● **WHAT IS REQUIRED**
In this exercise, copy exactly the lines from the one that contains "NISSAN VERSA Lichtmaschinenregler" through the end of the entries below; pictures are not copied.

● **STUDY MATERIAL**

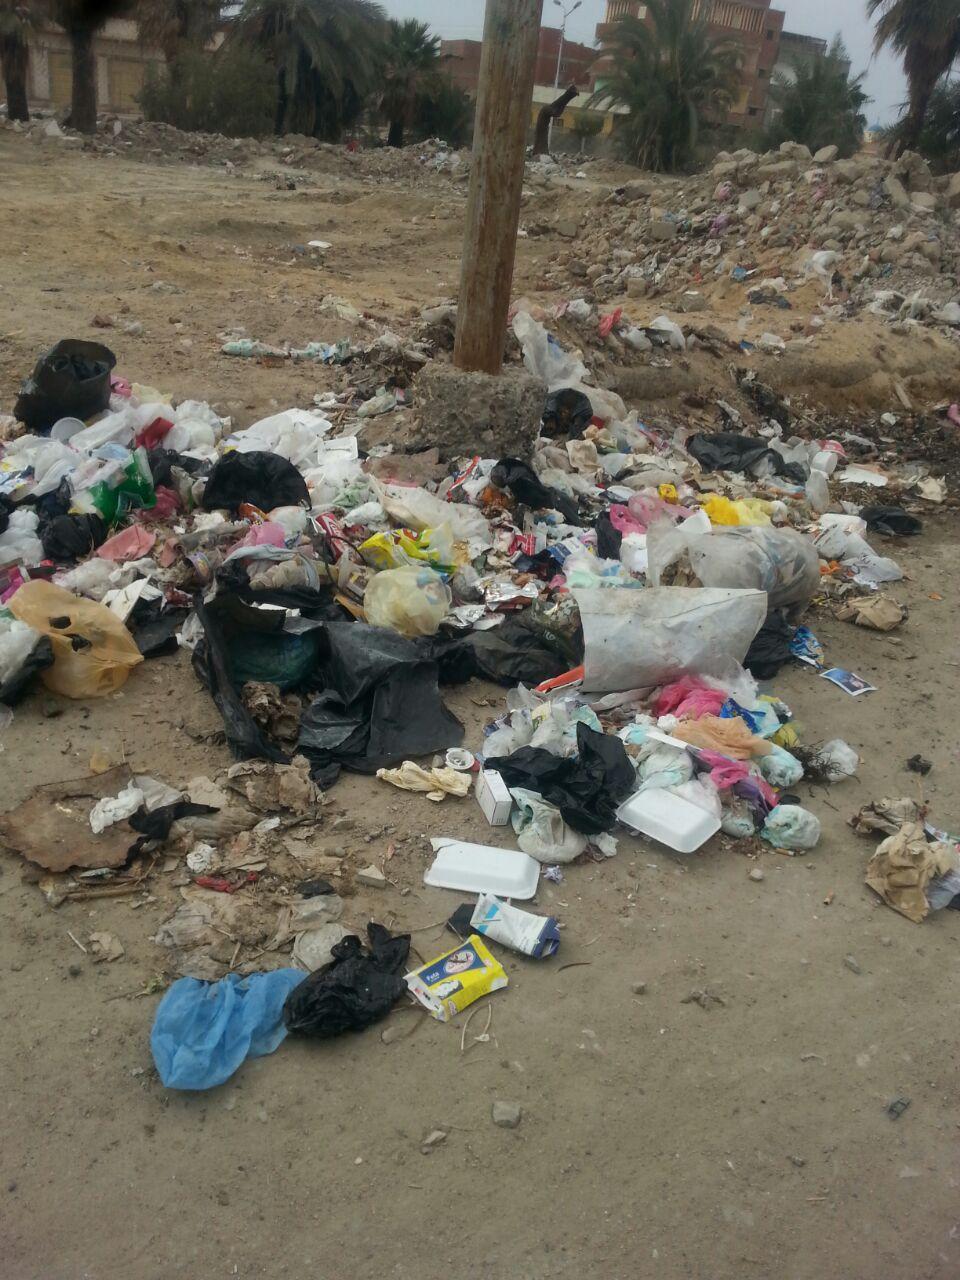 صور| سكان القنطرة شرق: المدينة تعاني تدني الخدمات.. والمسؤولين «في مية البطيخ»
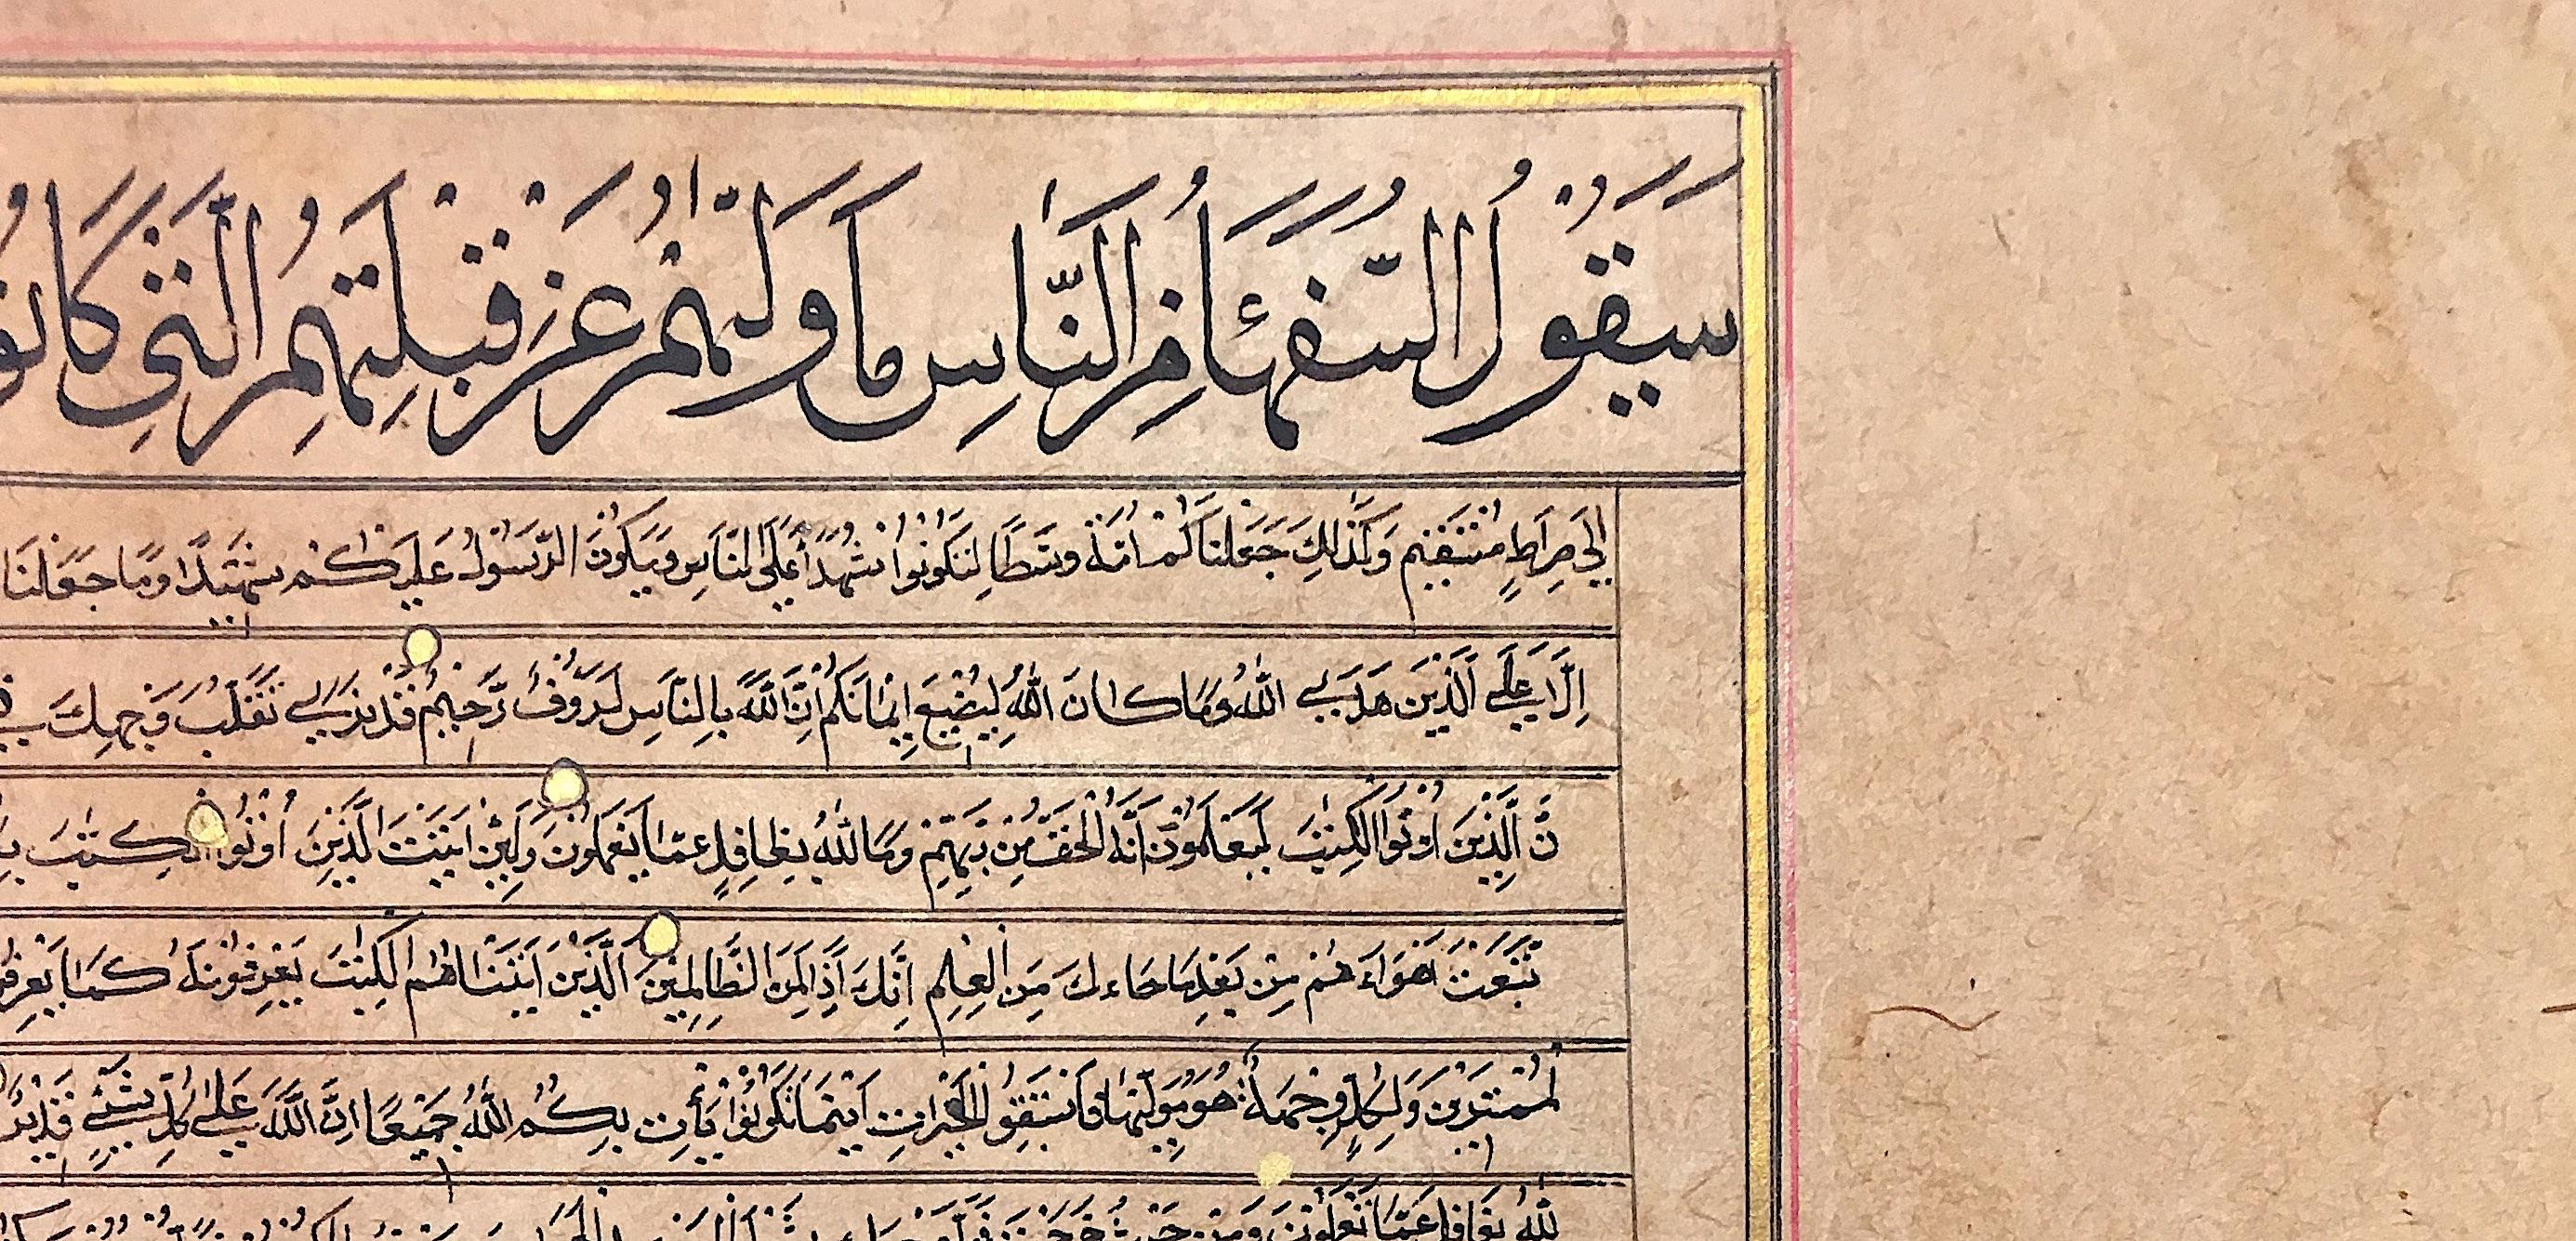 مخطوطات قرانية
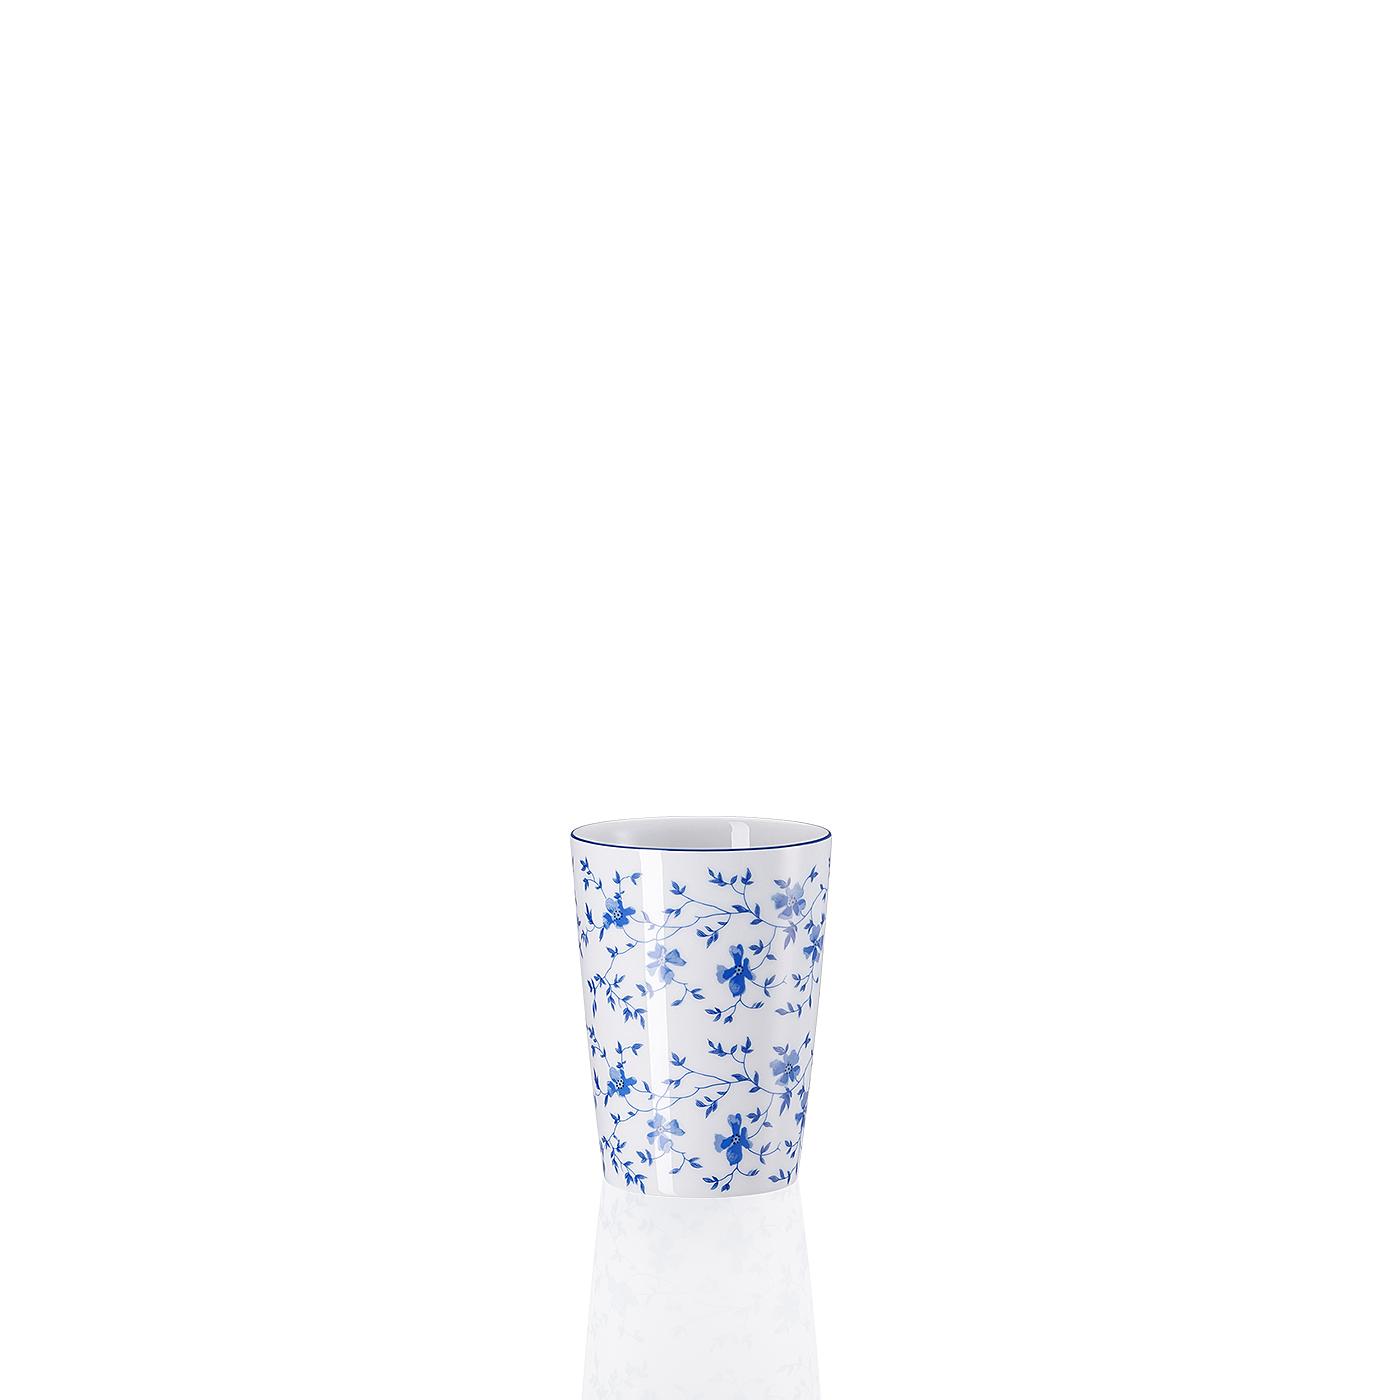 Becher ohne Henkel Form 1382 Blaublüten Arzberg
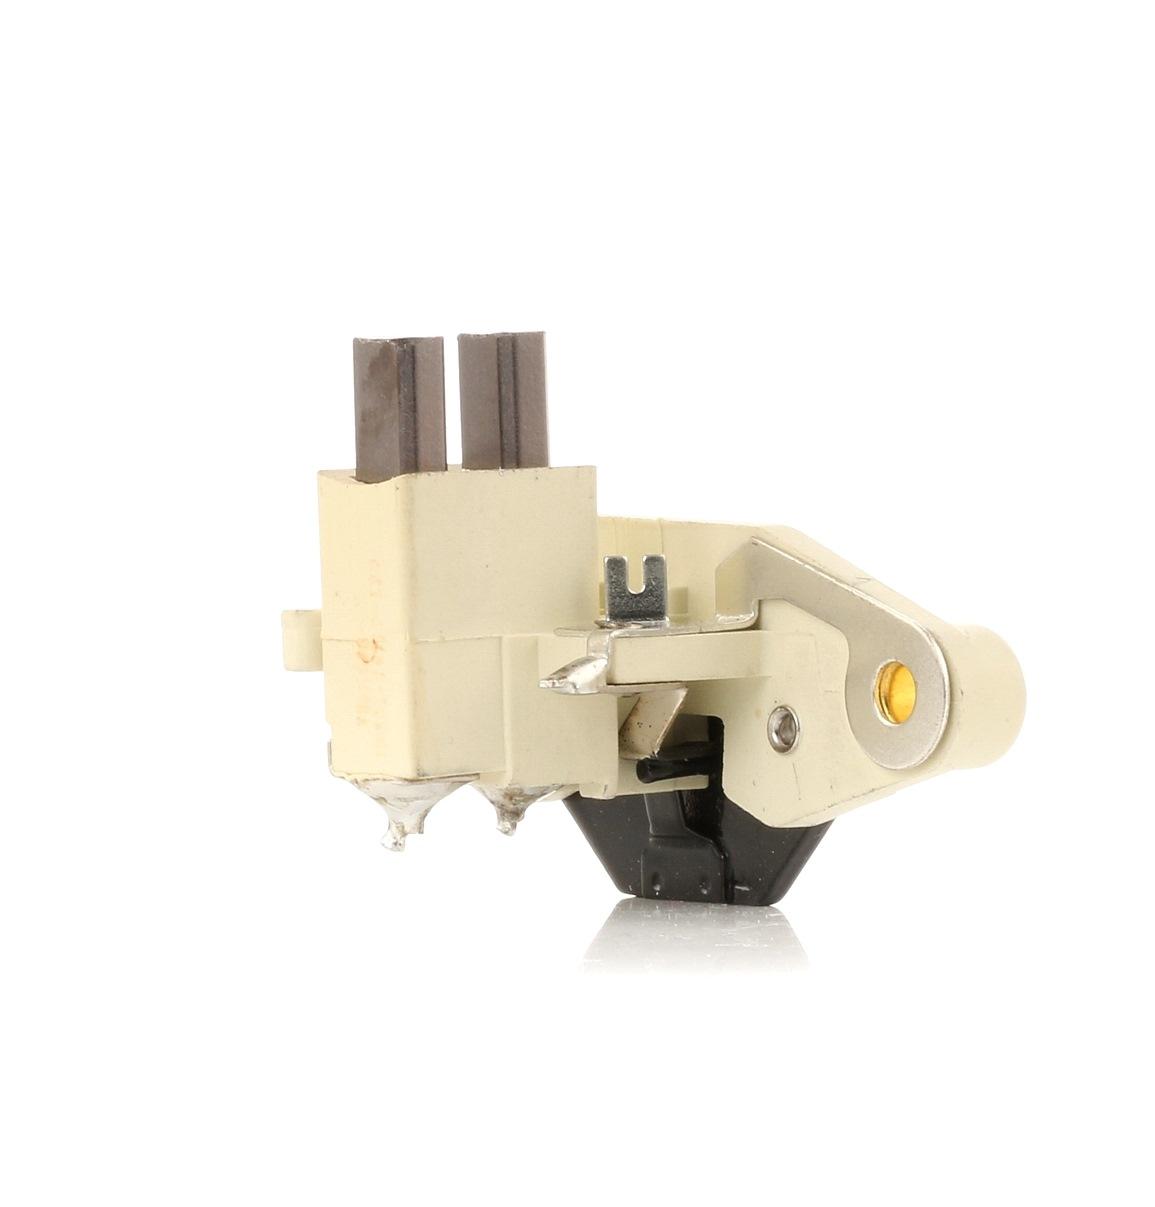 NISSAN VERSA Lichtmaschinenregler - Original BERU GER002
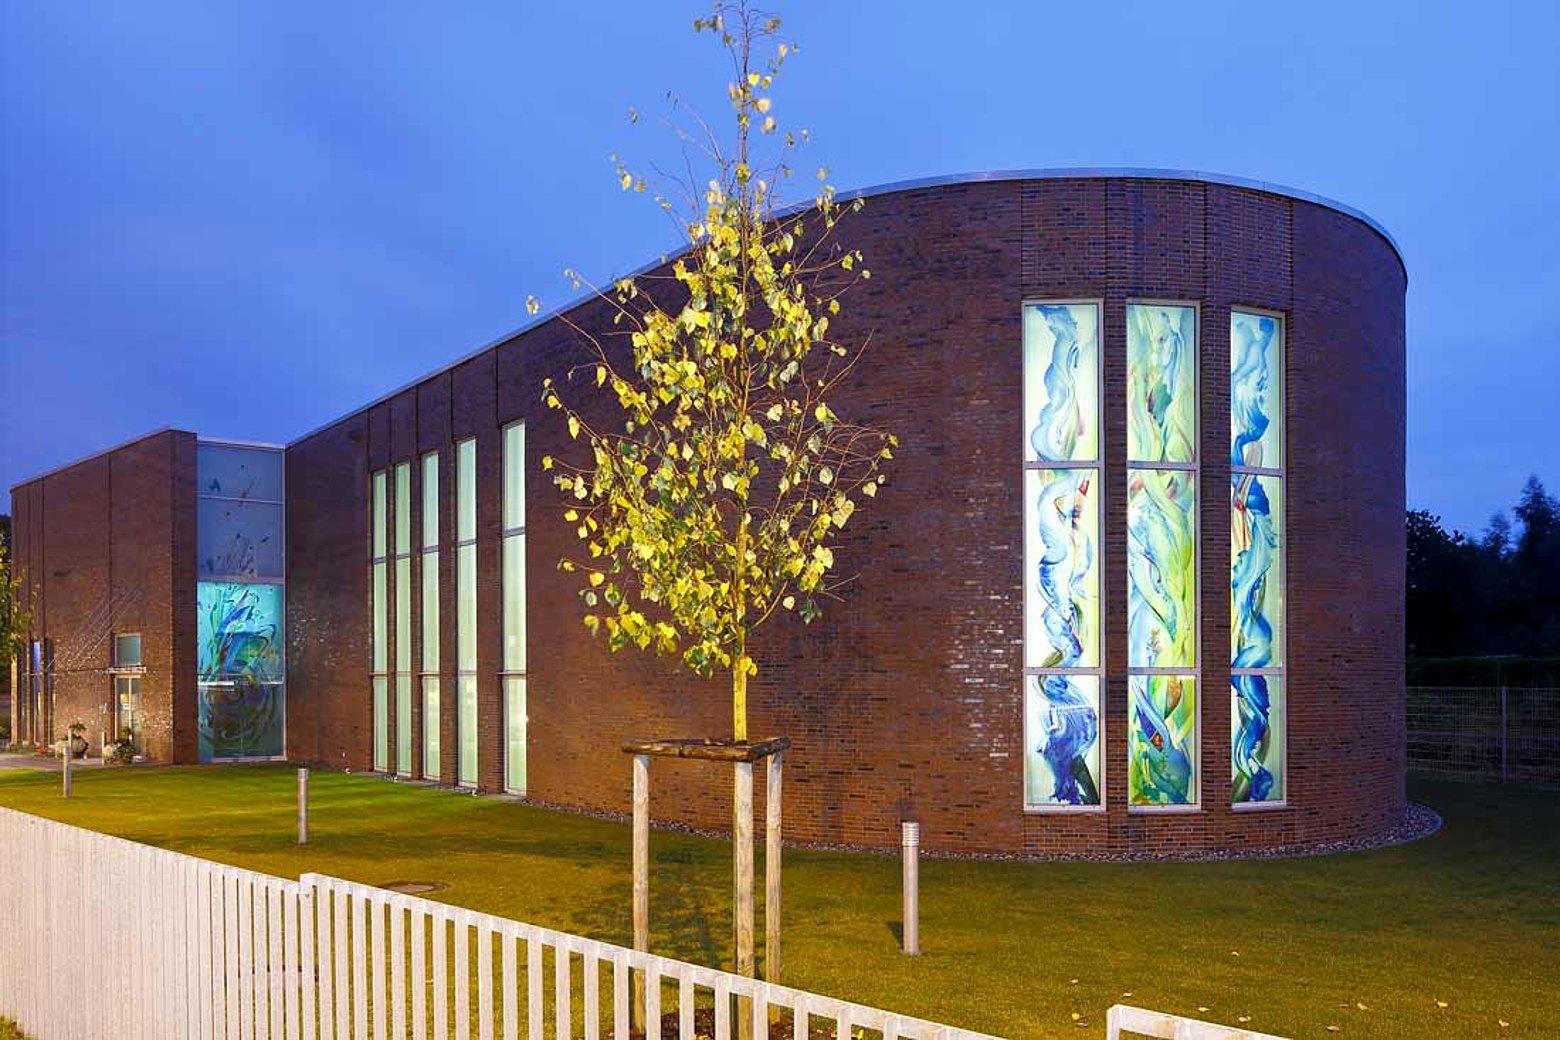 Wärmegedämmte Türen und Verglasungen aus Stahl. Verwendet wurden die Profilsysteme forster unico und forster thermfix vario. Neuapostolische Kirche in Rostock, Deutschland

● **ANSWER SPACE**
 NISSAN VERSA Lichtmaschinenregler - Original BERU GER002
 Wärmegedämmte Türen und Verglasungen aus Stahl. Verwendet wurden die Profilsysteme forster unico und forster thermfix vario. Neuapostolische Kirche in Rostock, Deutschland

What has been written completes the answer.